• _HOW TO COMPLETE THIS TASK_:
Please, without any pictures, set down exactly the part of the listing below that opens with the line containing "Dise os racks" and closes with the line containing "Ellis Hall I".

• _DATASET RECORDS_:
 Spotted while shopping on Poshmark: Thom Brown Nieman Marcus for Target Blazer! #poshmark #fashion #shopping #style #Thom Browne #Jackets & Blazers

==

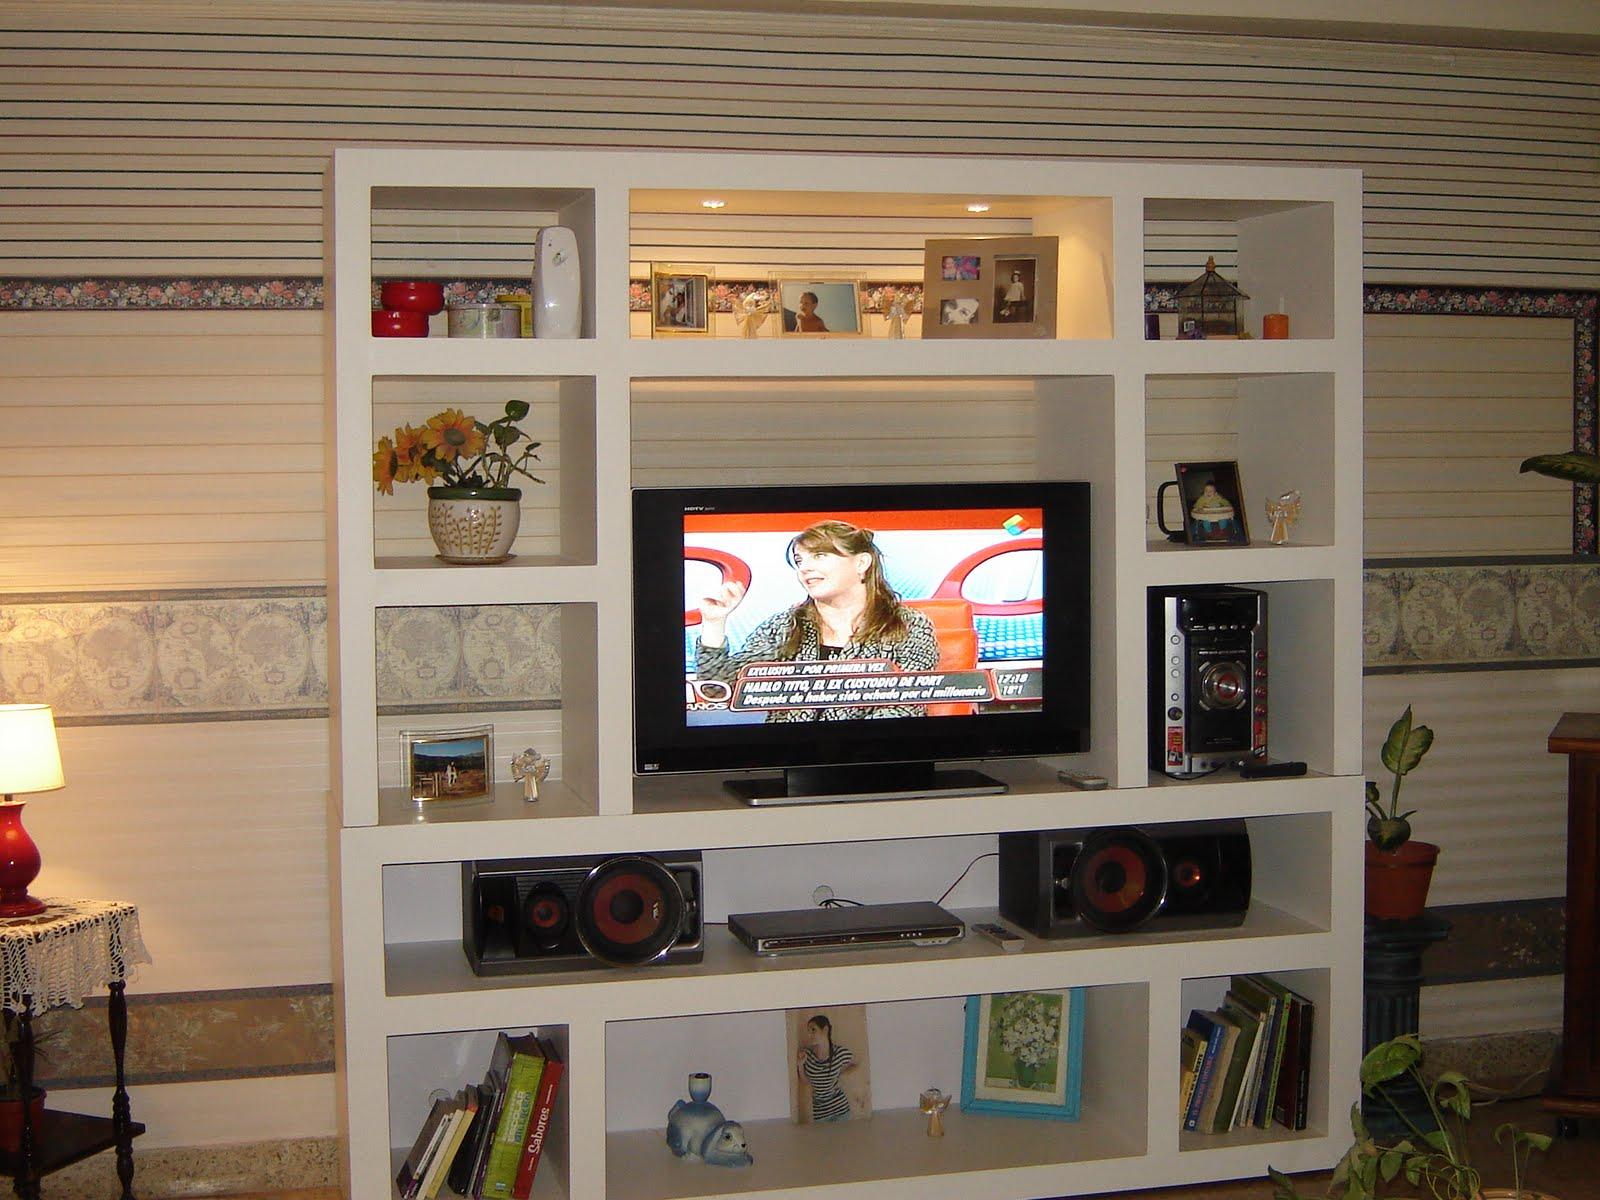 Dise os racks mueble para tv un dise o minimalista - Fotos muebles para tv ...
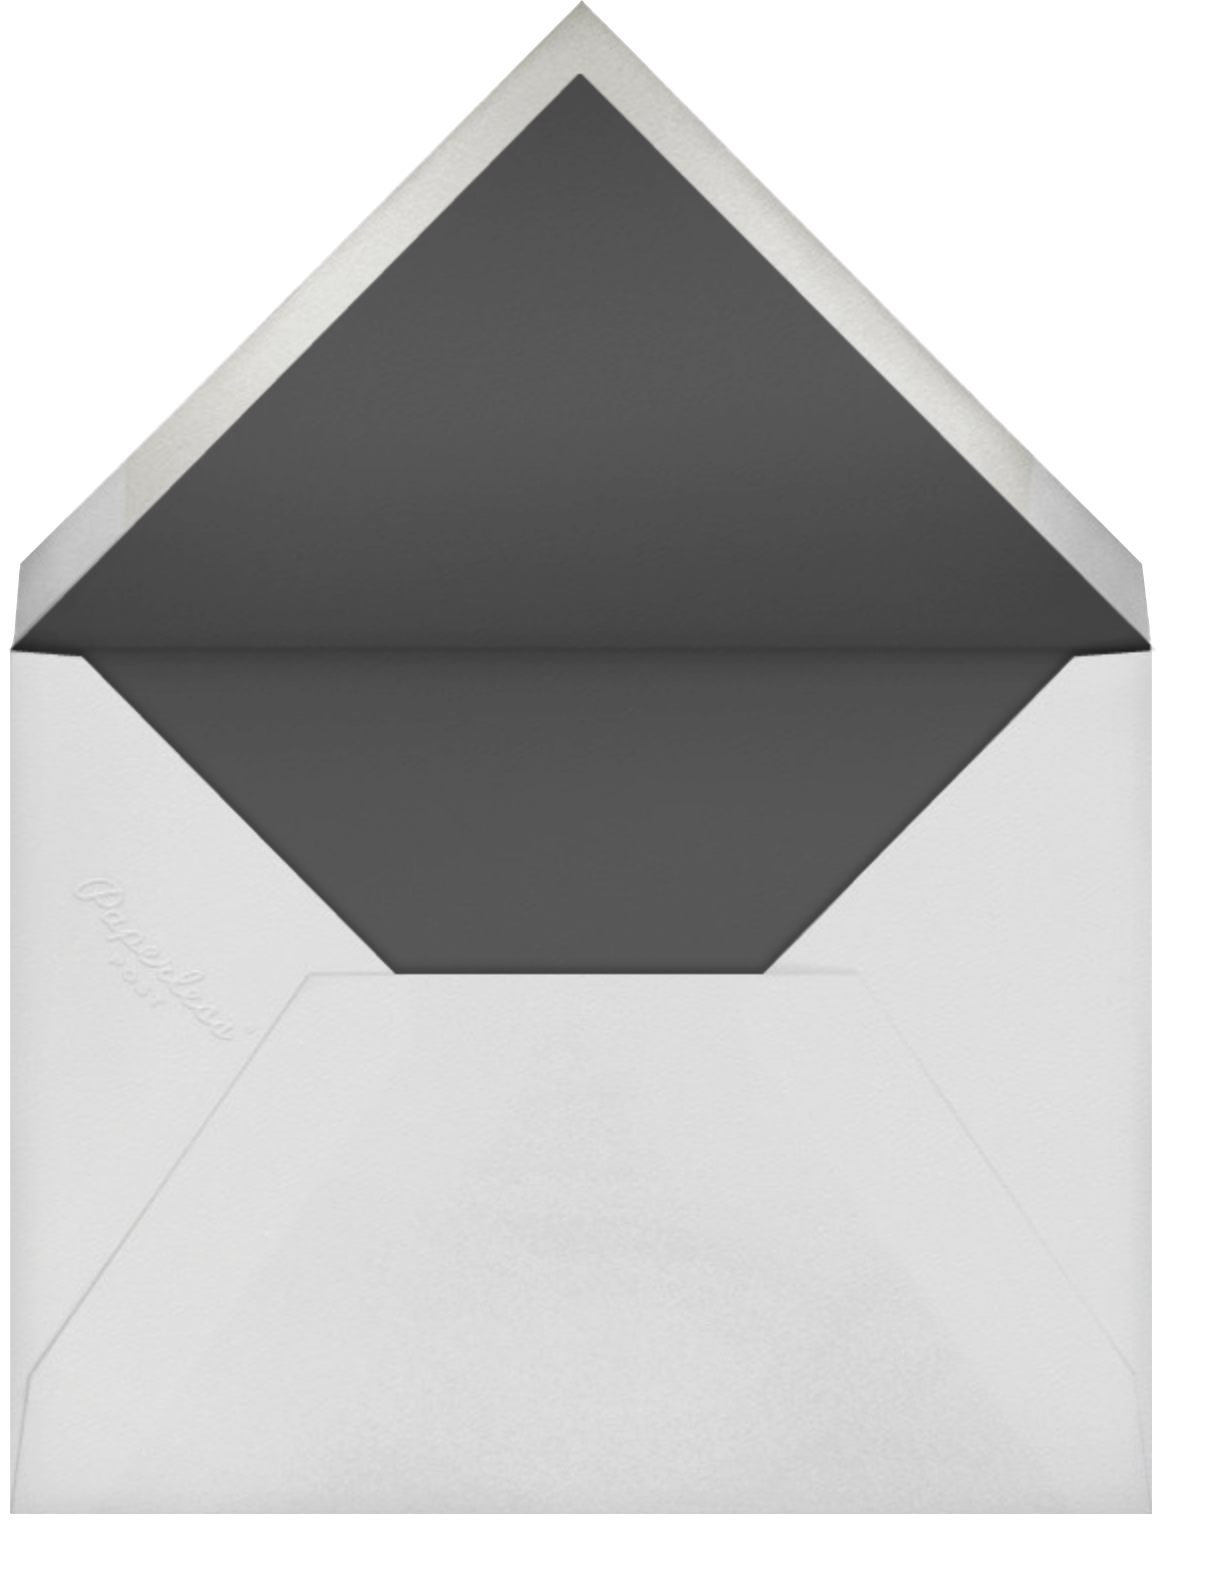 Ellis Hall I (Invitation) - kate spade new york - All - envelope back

--

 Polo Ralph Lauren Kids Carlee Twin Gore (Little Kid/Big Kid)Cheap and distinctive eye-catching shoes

• _RESPONSE TO THIS TASK_:
 Dise os racks mueble para tv un dise o minimalista - Fotos muebles para tv ...
 Ellis Hall I (Invitation) - kate spade new york - All - envelope back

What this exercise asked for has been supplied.